After Paul thinks he's finished, he has the computer check all the automated examples one last time, nervously has Kendall double-check the user interface, and declares the feature done by drawing a line through it on the big iteration whiteboard.
Exploration - and a shocking discovery
The Friday end-of-rotation cookout for the students also marks the end of the iteration. Immediately afterward, the team starts its end-of-iteration ritual. The first stage is to demonstrate what they accomplished this iteration to every interested passer-by. (This also serves as a little bit of training for the people who'll start using the new and changed features on Monday.)
In the second stage, they try to keep everyone together for 90-minute session of exploration. Dr. Morin's made a brief list of things she wishes she knew more about, such as "how well does this work over a dialup?" and "does the daily schedule need any improvements?" Everyone - programmers, a few students, Dr. Morin, one intern - pairs up, picks one of those charters, and applies some exploration techniques to the system. At the end, they gather to compare notes.
There, Dr. Nagy smiles wickedly. "I was pairing with Kendall and we made up a soap opera where a cattle truck overturned on I-72 at the same time we had a batch of rodeo bulls in for a foot trim. So there were all sorts of emergency cases coming in at the same time as everyone's trying to keep the bulls from killing anyone. I kept throwing crises at Kendall, and he couldn't keep up. Here's the problem: it's too easy for the printout of tasks that's pinned on the notice board to get out of sync with the orders. I won't trust it - I'll want to go to the computer to check."

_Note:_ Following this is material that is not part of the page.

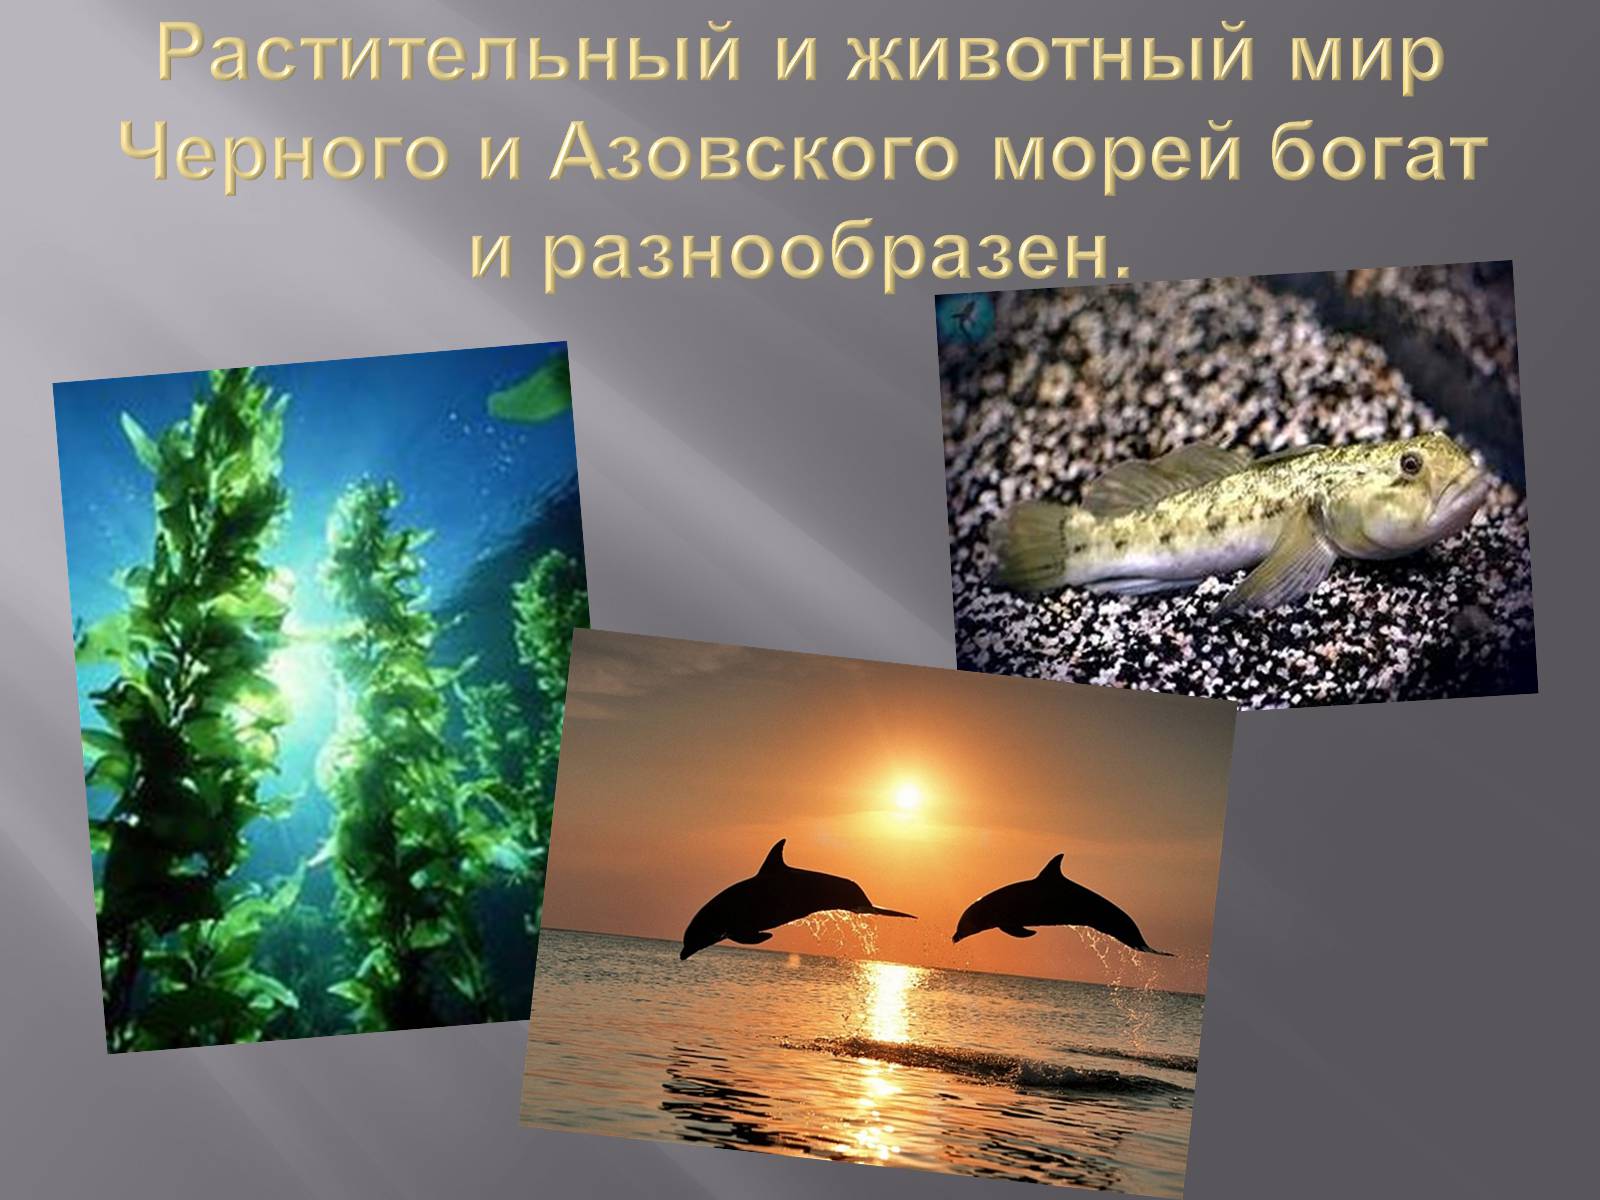 Растительный моря и животный мир Азовского моря

Discussion ensues. The general consensus is that the printout wasn't the right solution. Instead, people decide that it makes sense for students to check the master computer record (just as they today check the paper record). But that isn't easy enough to do: they should be able to walk up to the ward computer and press a single key to see the schedule. Dr. Morin agrees that sounds like a feature for the next iteration.
The team's habit is to wrap up the last day of the iteration with a small retrospective. During it, they agree that they should do a little more walking through user scenarios while planning the next iteration. Maybe that would have caught the mismatch between the feature and the world of the ward.
Normally the students on the ward and the unmarried chunk of the team would now head off to Murphy's for the end-of-iteration celebration. But suddenly word comes in that a cattle truck has overturned on I-72. All the veterinarians turn as one to glare at Dr. Nagy, and the technical people have to go alone.